RIPPLE EFFECT

“Deaths of despair” are killing America’s white working class

Income inequality has fueled much of the political debate in the US over the past year. The presidential campaigns of Bernie Sanders and Donald Trump in particular have capitalized on the dissatisfaction of white working-class Americans—defined here, broadly speaking, as men and women with less than a college degree.

It’s well established that working-class Americans of all races have borne the brunt of the economic slowdown that the US has experienced since the late 1970s. But in 2015, an economic study I co-authored with Angus Deaton found that white working-class Americans are also increasingly dying from suicide, alcohol and drugs. Their physical and mental distress may be creating a less obvious, yet powerful, wind in the sails of Trump and Sanders this political season.

The economic disadvantages experienced by less-educated people are clear. The Bureau of Labor Statistics reports that median wages for people with at least a college degree were 80% higher than those with a high school degree in 2014. Private-industry workers with incomes in the top 25% were twice as likely to have access to a retirement plan—and nearly three times as likely to have health benefits—as workers in the bottom 25%.

Differences in education are also associated with marked differences in mortality. For half a century, the mortality rates of white middle-aged Americans (people between ages 45-54) fell by about 2% a year. But starting in the late 1990s, their mortality rates began to rise. Mortality rates in this group have continued to increase through 2014, driven primarily by the deaths of men and women with a high school degree or less.

The biggest factors behind the uptick in mortality among white middle-aged Americans are so-called “deaths of despair”: deaths by suicide, accidental drug overdose, alcoholic liver disease and cirrhosis. Increases in deaths of despair have been large enough to outweigh the progress made in reducing mortality rates from cancer and heart disease, the two biggest killers of middle-aged people.

Rates of death by drug overdose and suicide rose for all white middle-aged people, regardless of education. But the increases were particularly high for those whose education stopped at or before graduating high school.

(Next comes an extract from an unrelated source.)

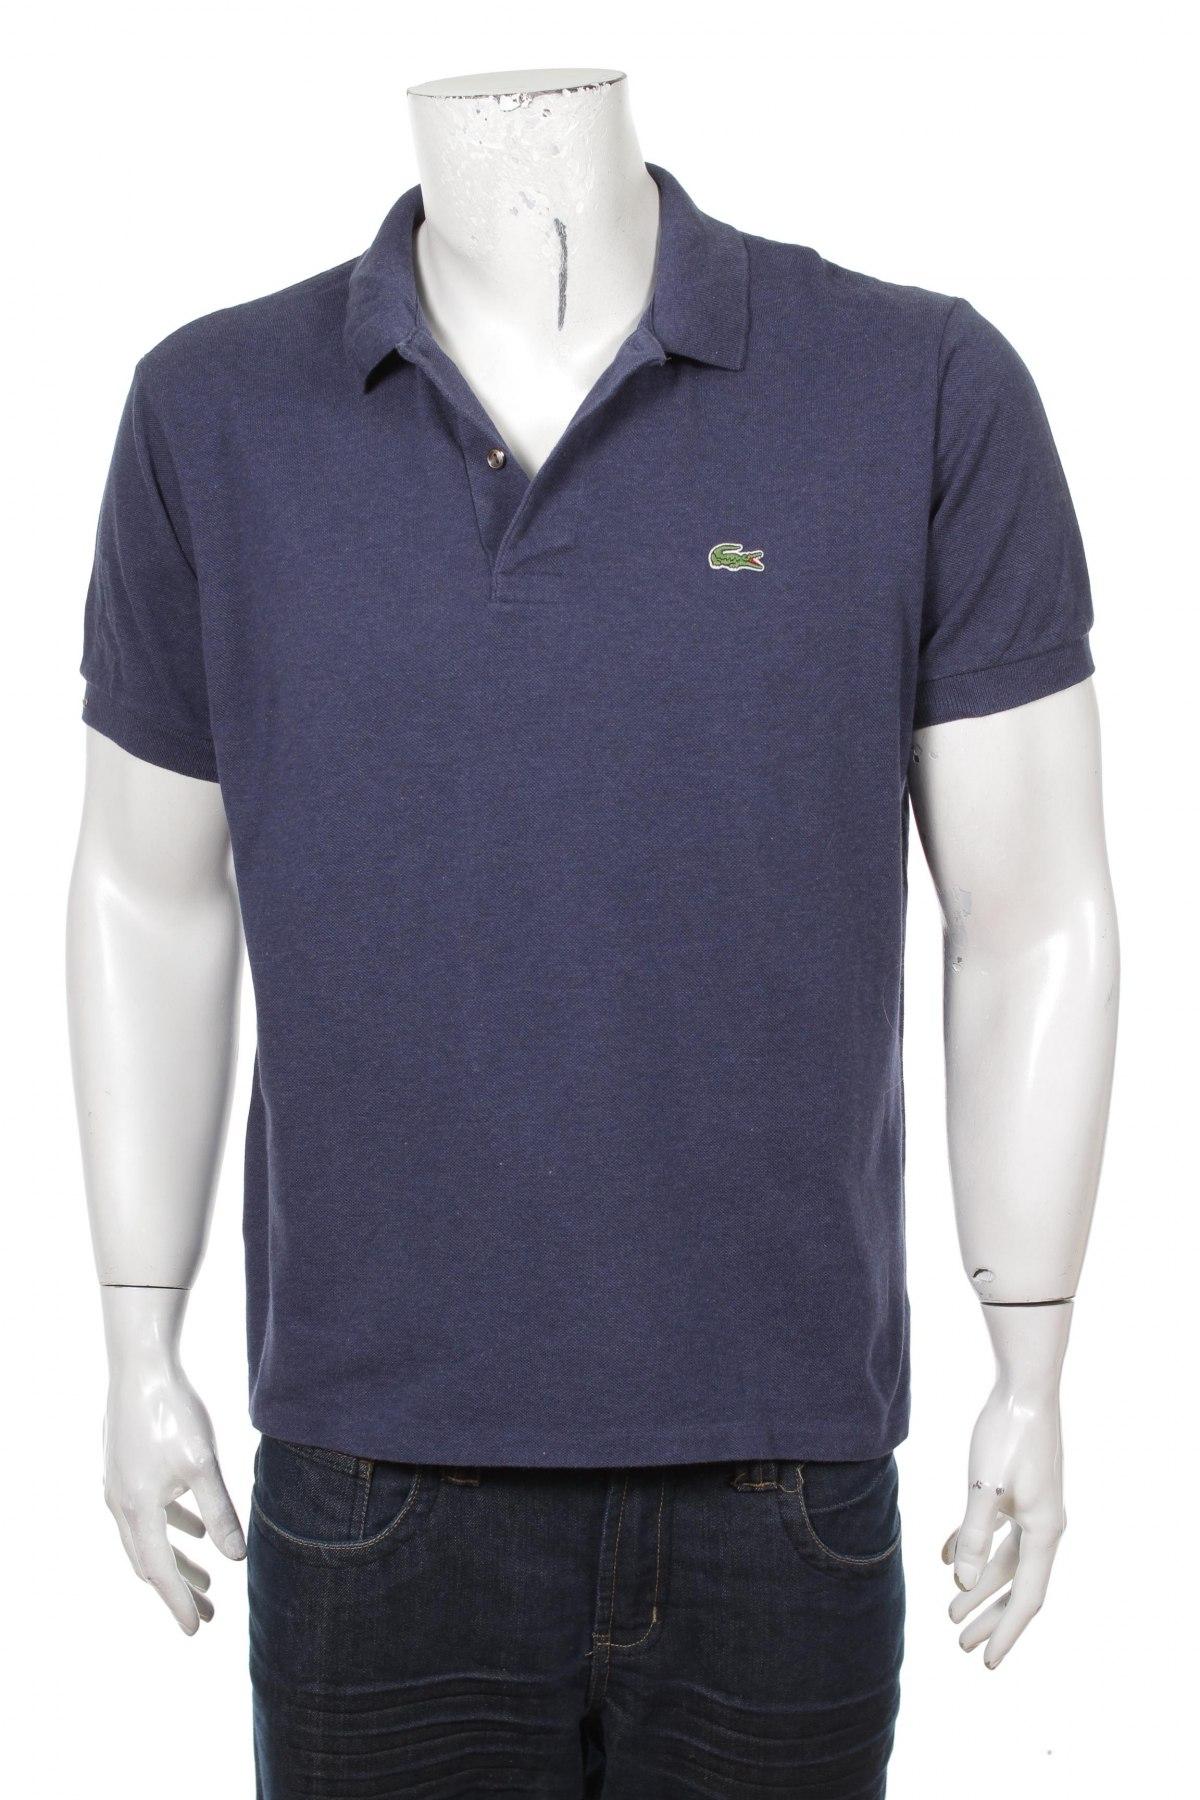 bd9e9f974f4c Ανδρικό t-shirt Lacoste - σε συμφέρουσα τιμή στο Remix -  8253677

In 1999, for example, people in this group died from accidental drug and alcohol poisonings at four times the rate of Americans with a bachelor’s degree or more. By 2013, they were dying at seven times the rate of their better-educated peers. In 2013, they also committed suicide at more than twice the rate of people with more education, and died from alcoholic liver disease and cirrhosis at five times the rate of those with a college degree.

Is there a link between the economic decline of the working class and increasing deaths from alcohol, drugs and suicide? And does rising economic inequality play a role in the increasing disparity among those who die from deaths of despair? At this point, we can only speculate.

However, it’s worth noting that while lower-skilled jobs have also declined in European nations, these countries have not experienced a parallel rise in deaths among middle-aged people. European countries have better social safety nets than the US, and workers with less education may be better protected by European social policies.

European countries have also been more reluctant than the US to embrace prescribing potentially addictive painkillers. In the US, meanwhile, drug policy and social policy are driven by a new kind of golden rule: he who has the gold makes the rules.

As the gold becomes more highly concentrated among the wealthiest US citizens, policies that protect the working class have become harder to pass. Trump and Sanders have very different ideas about what helping lower-income Americans might look like. But it’s clear that many white Americans in that demographic feel that they are in crisis—and that the candidates, seeking to harness what is a substantial voting bloc heading into 2016, are shaping their campaign platforms around an audience that feels increasingly invisible.